Tourists can immerse themselves in a still unspoiled landscape, characterized by valleys adorned with rows of cypress trees, hills variously planted with vines or dusted with the leaves of silvery olive trees, so much so that it looks like a painting that came out of the strokes and decisive brushstrokes of the Macchiaioli. The small woods are ablaze with color in autumn. As a testimony to the rural tradition, the countryside is dotted here and there with ancient farmhouses (where romantic legends hover) finely restored maintaining the characteristic loggias, enchanting porticoes, characteristic red bricks, and again, chapels, oratories, parish churches, manor houses adorned with parks and gardens well cared for as if they were caskets of architectural masterpieces, and finally, castles. So, moreover, did the painters of the Sienese School perceive it centuries ago, who, in their formal purity close to abstraction, made repeated mentions of it by depicting it in ashen, deserted, sometimes barely streaked reliefs.
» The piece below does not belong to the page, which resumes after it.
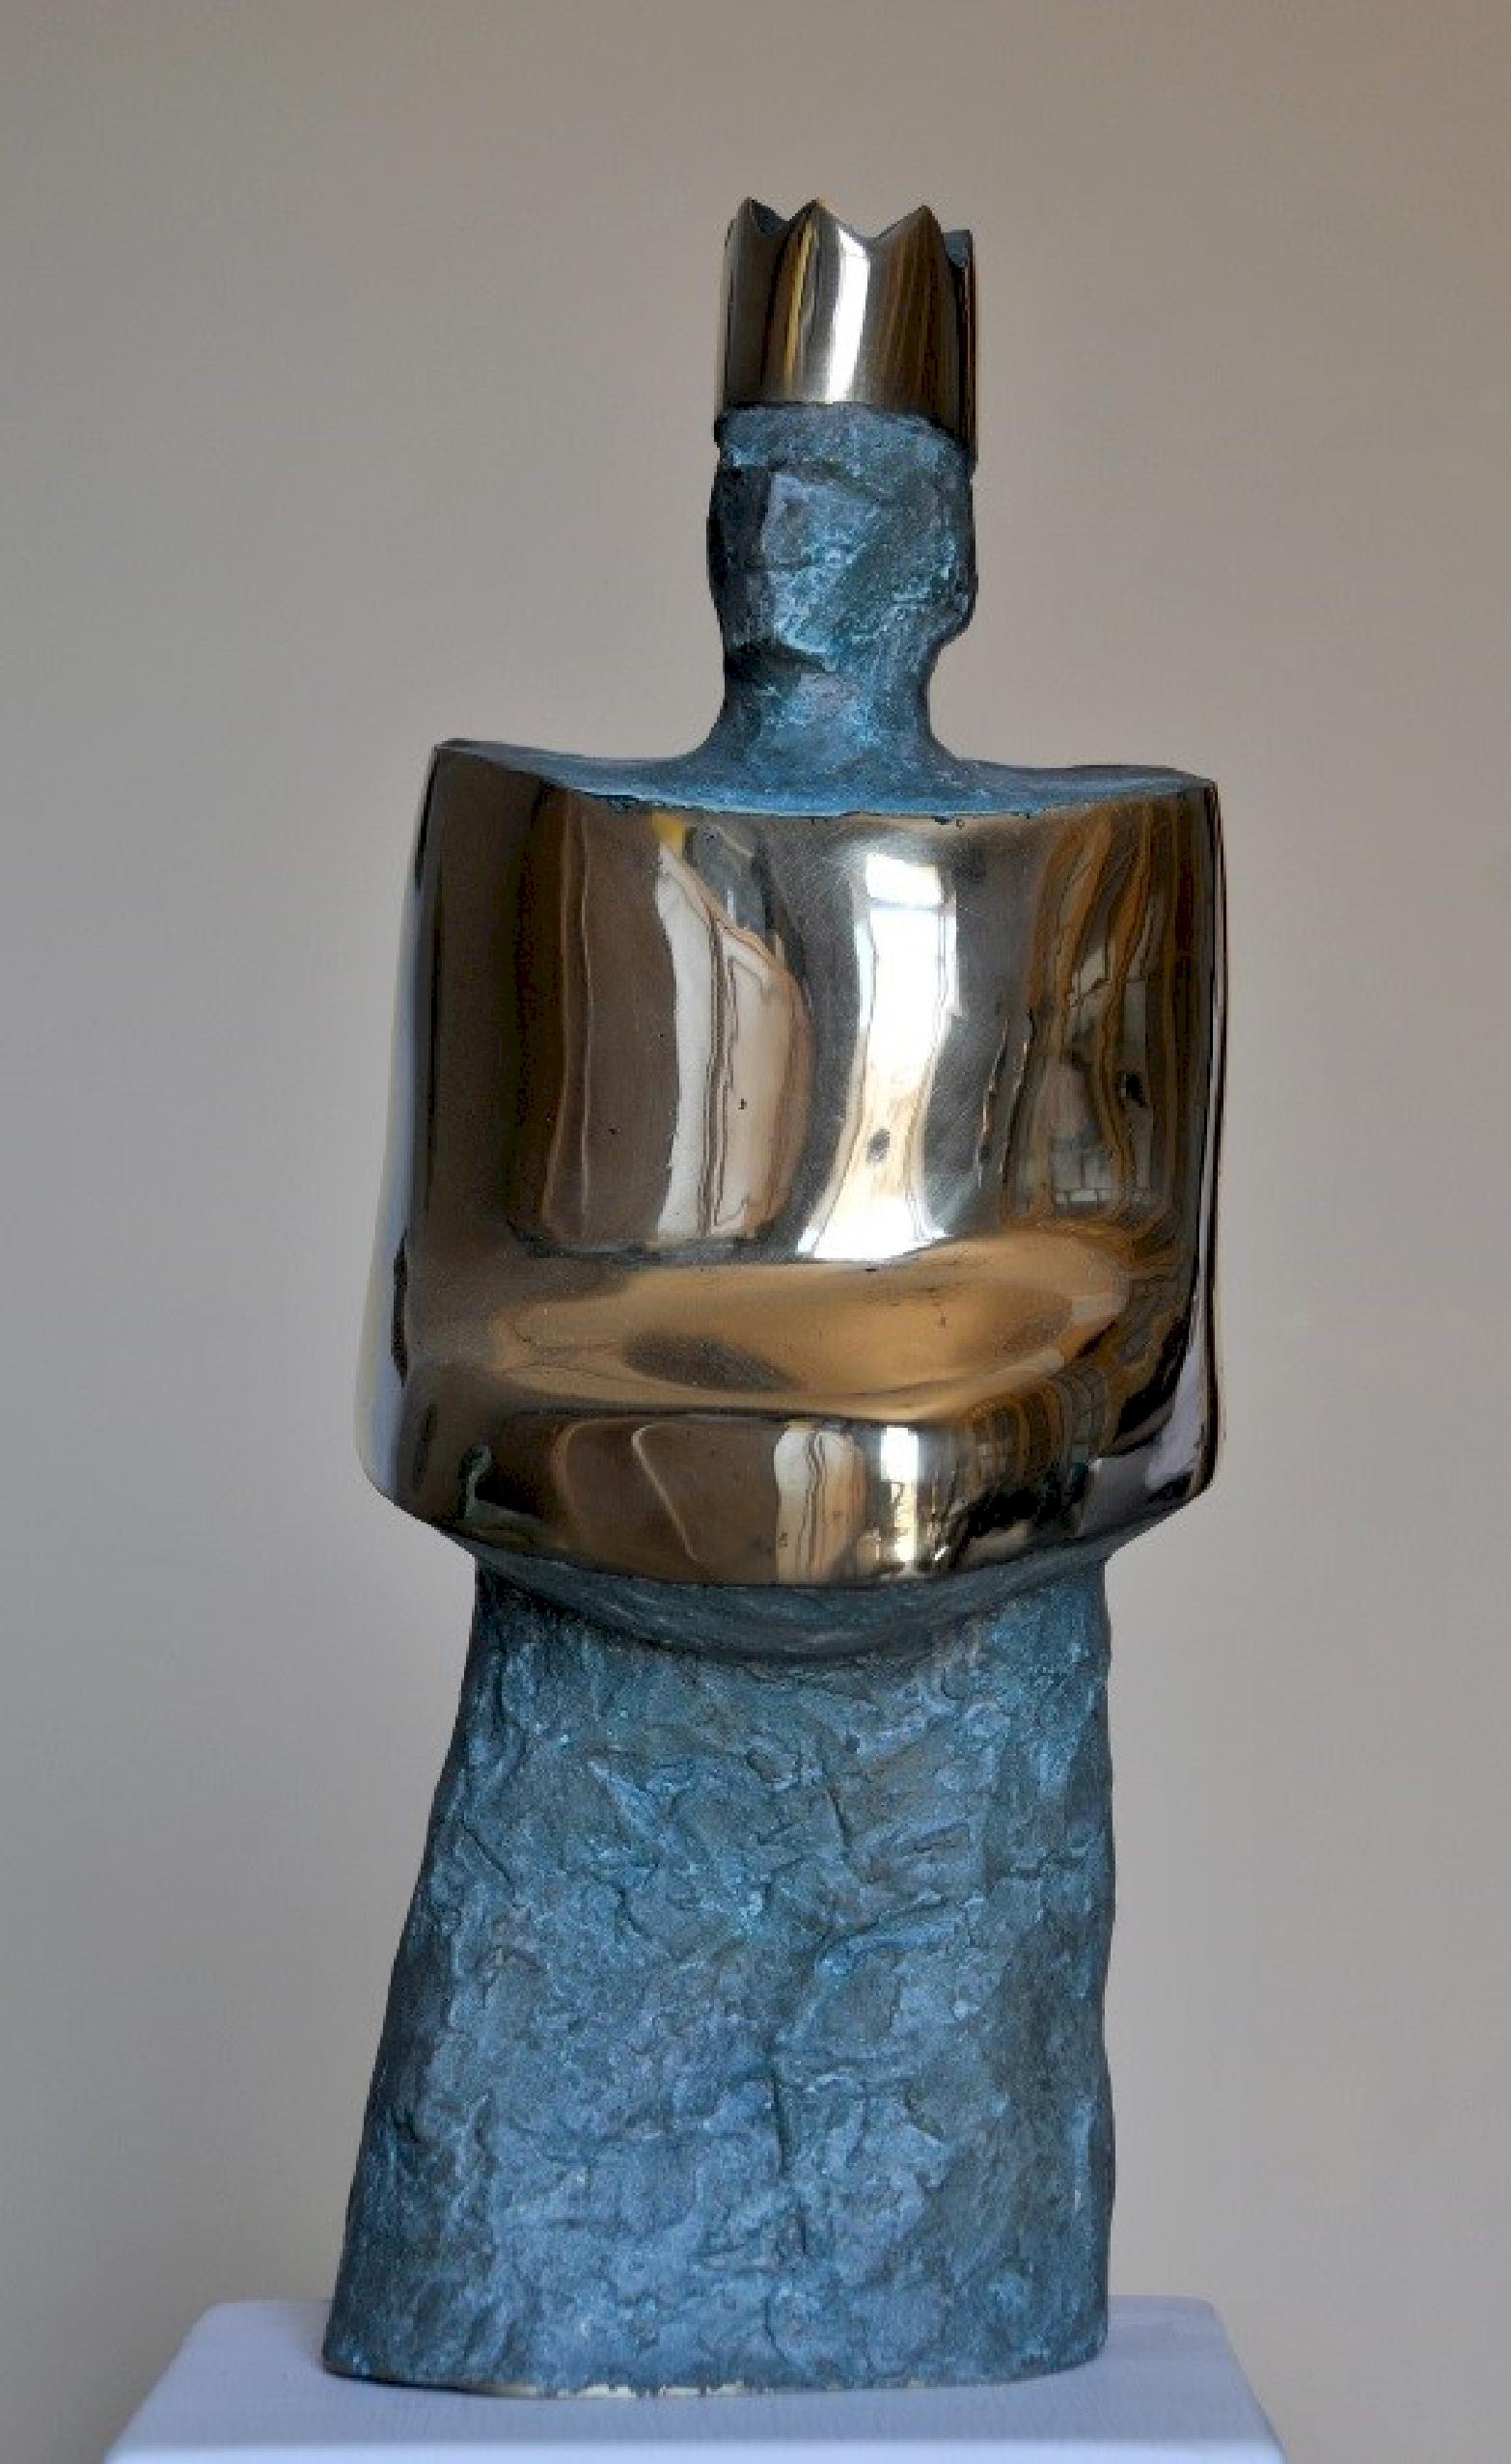 "Rex" Bronze Sculpture 16" x 7" x 6" inch by Sarkis Tossonian

Sarkis Tossoonian was born in Alexandria in 1953. He graduated from the Faculty of Fine Arts/Sculpture in 1979. He started exhibiting in individual and group exhibitions in Alexandria

The village's main monuments include: The Porta Senese, the Municipal Museums of Sacred Art of the Val d'Arbia and the Mezzadria Senese, the Art Nouveau palaces among which Villa La Rondinella stands out, and the SS. Peter and Paul Church. Around the village we encounter La Pieve di Santa Innocenza a Piana, a fortified complex attested to 1081; Villa La Piana with its 18th-century Oratory, a complex that was the grancia of the Santa Maria della Scala Hospital of Siena. To satisfy the curiosity of enthusiasts there arise four privately owned castles that on special occasions are opened for public visits: Castelrosi, Castelnuovo Tancredi, Bibbiano and La Torre in Bibbiano. Interesting excursions can be made to the farms of Chiatina, Armena, Casale Sergardi, Serravalle and Resta.